What you will do: Produce a word-for-word copy of the listing below without its pictures.

Material provided:
● ● ●

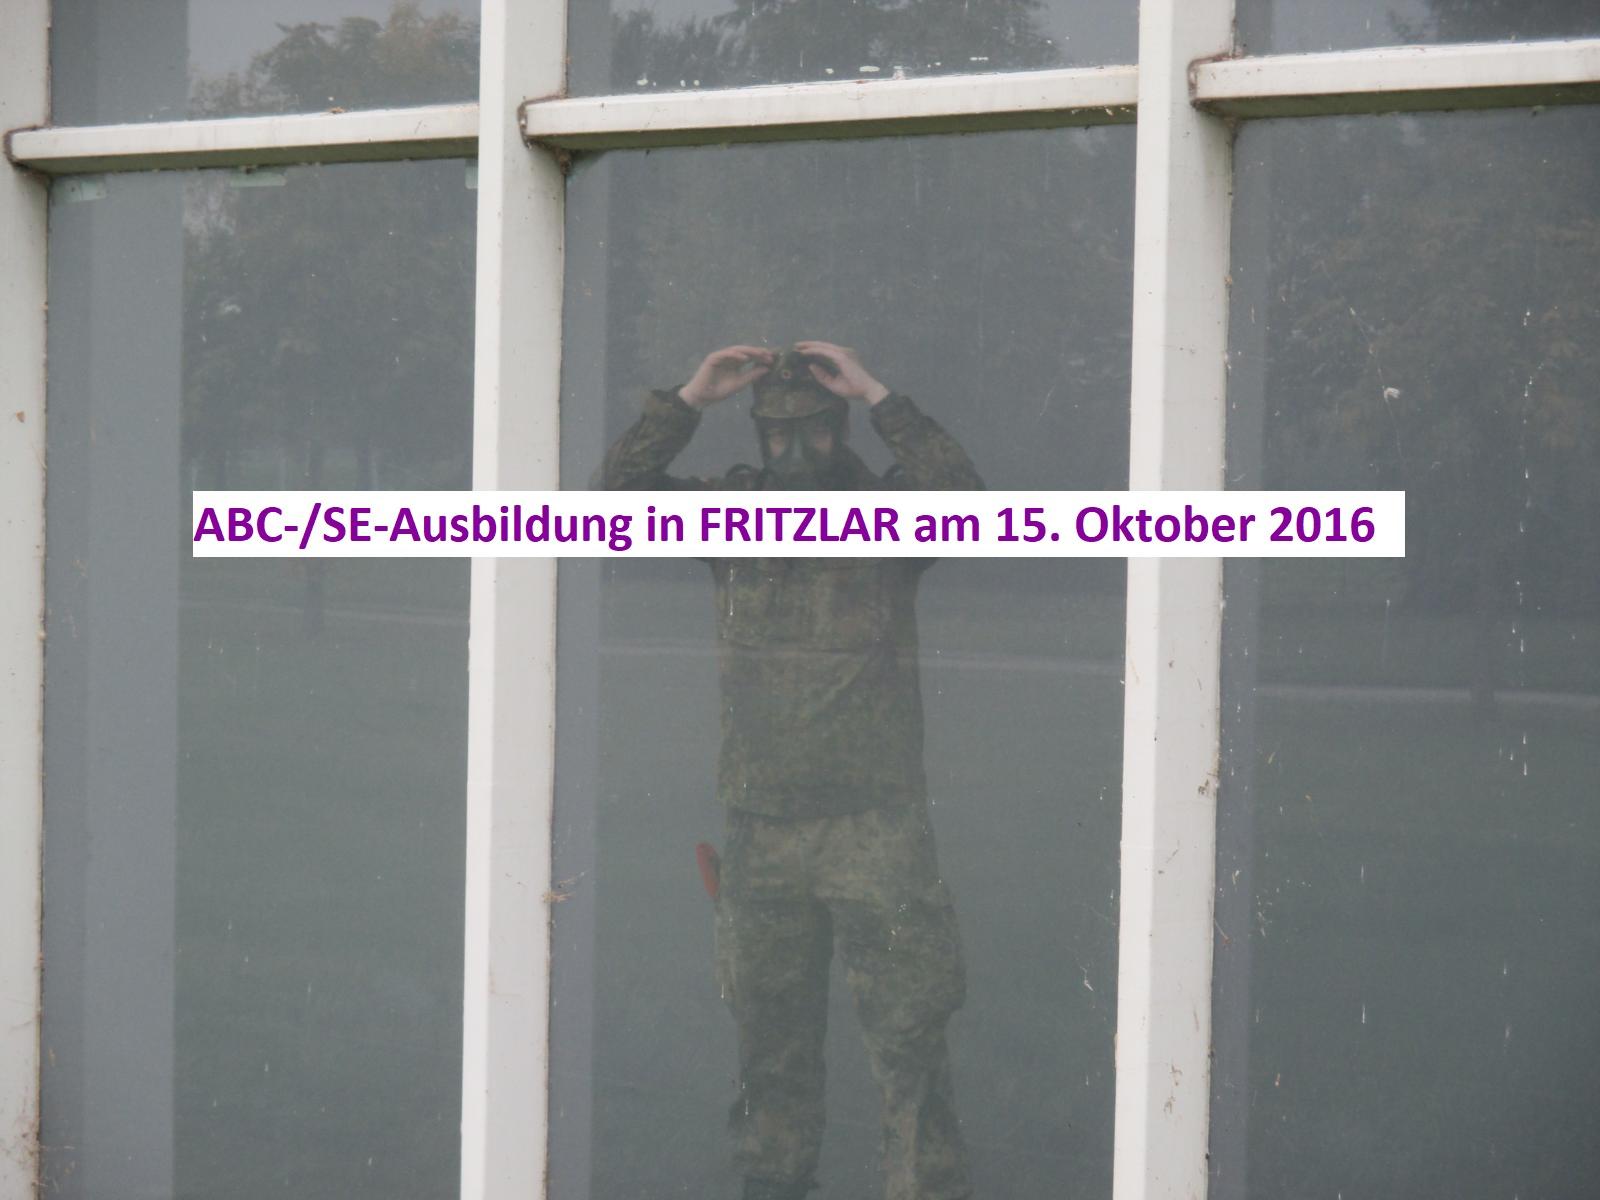 ABC-/SE-Ausbildung
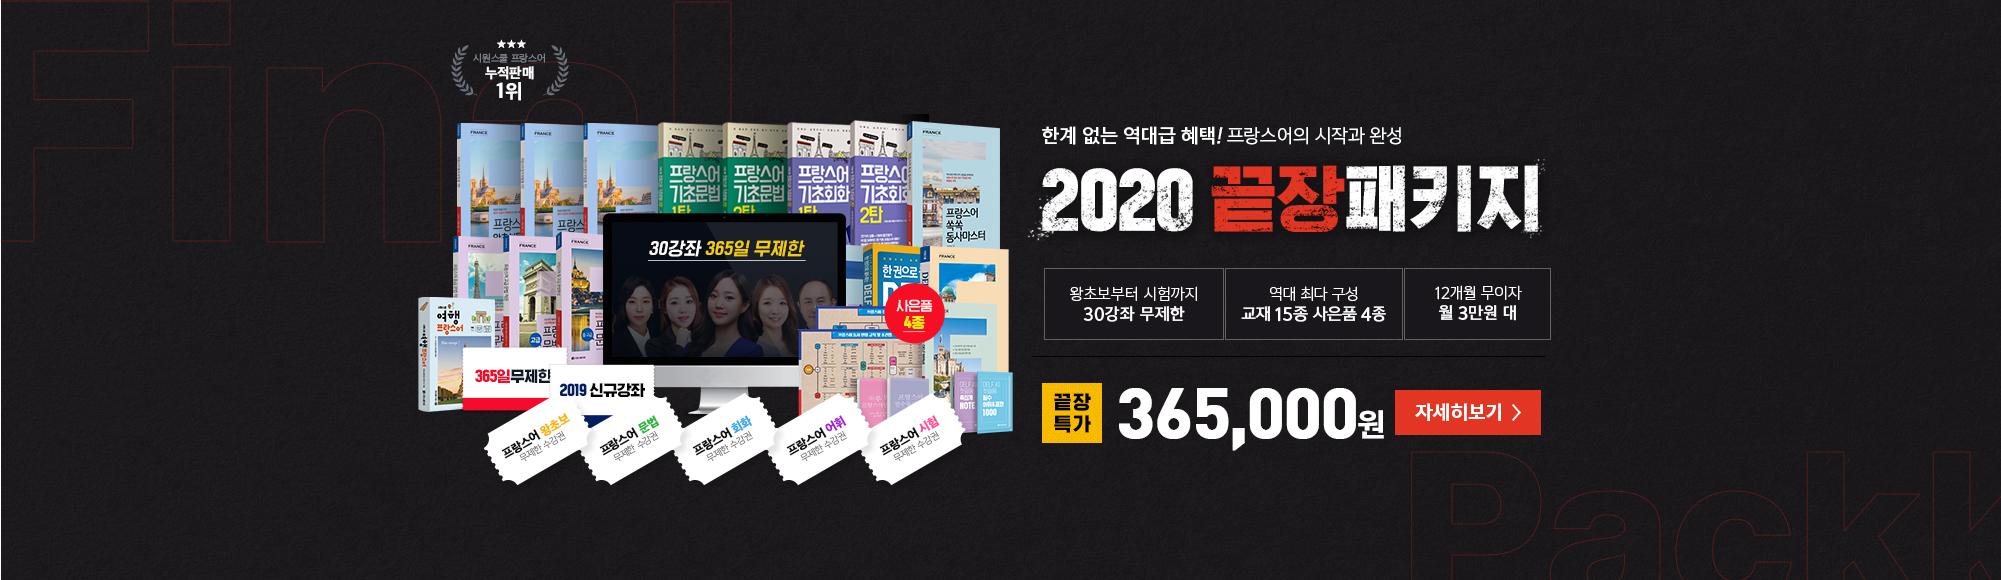 [판매 1위] 2020 끝장패키지
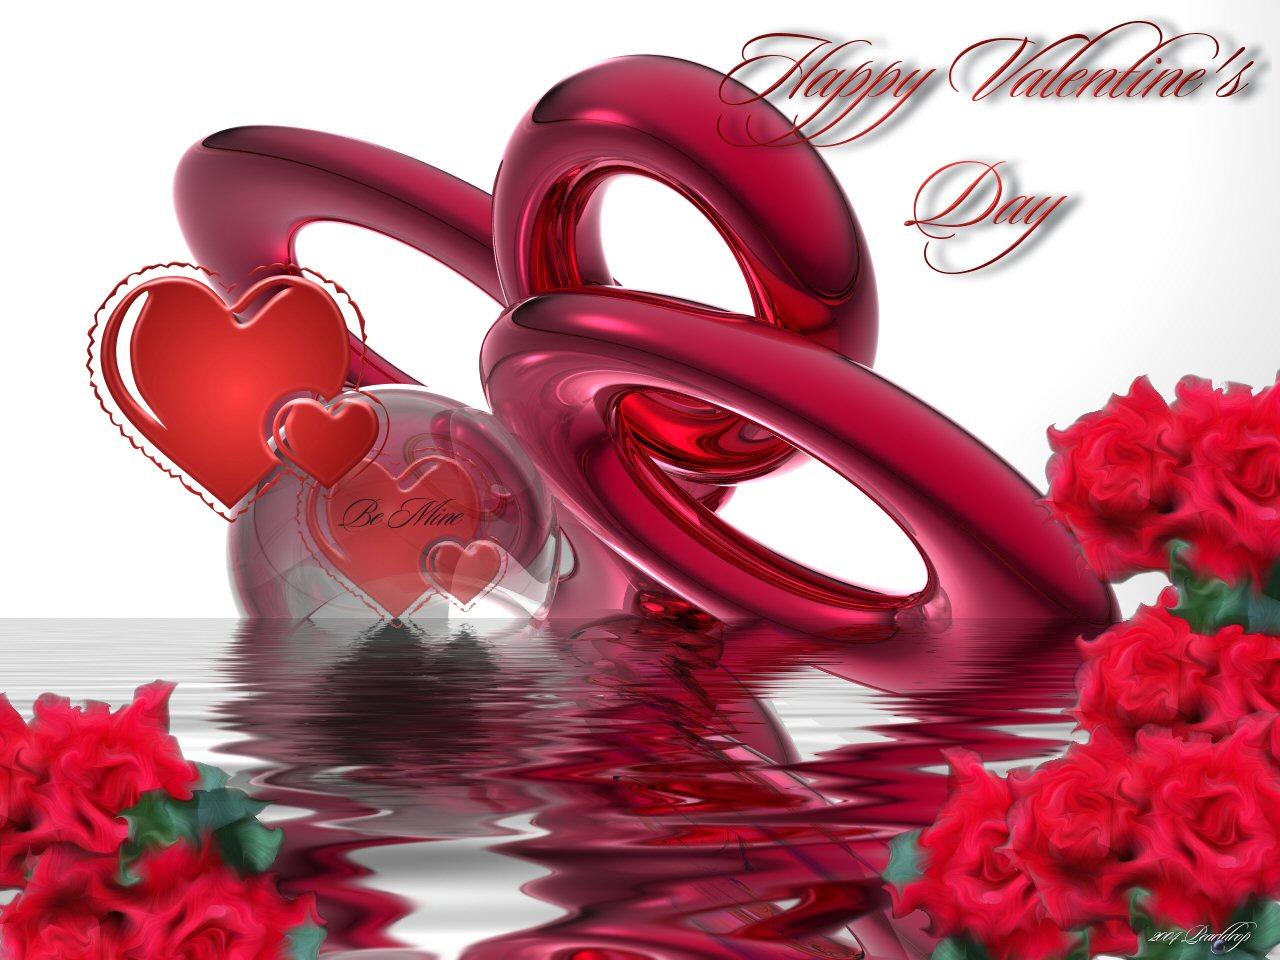 wallpaper valentine đẹp SinhVienIT.NET---valentine-day-43

● ● ●

Completed exercise:
 ABC-/SE-Ausbildung
 [판매 1위] 2020 끝장패키지
 wallpaper valentine đẹp SinhVienIT.NET---valentine-day-43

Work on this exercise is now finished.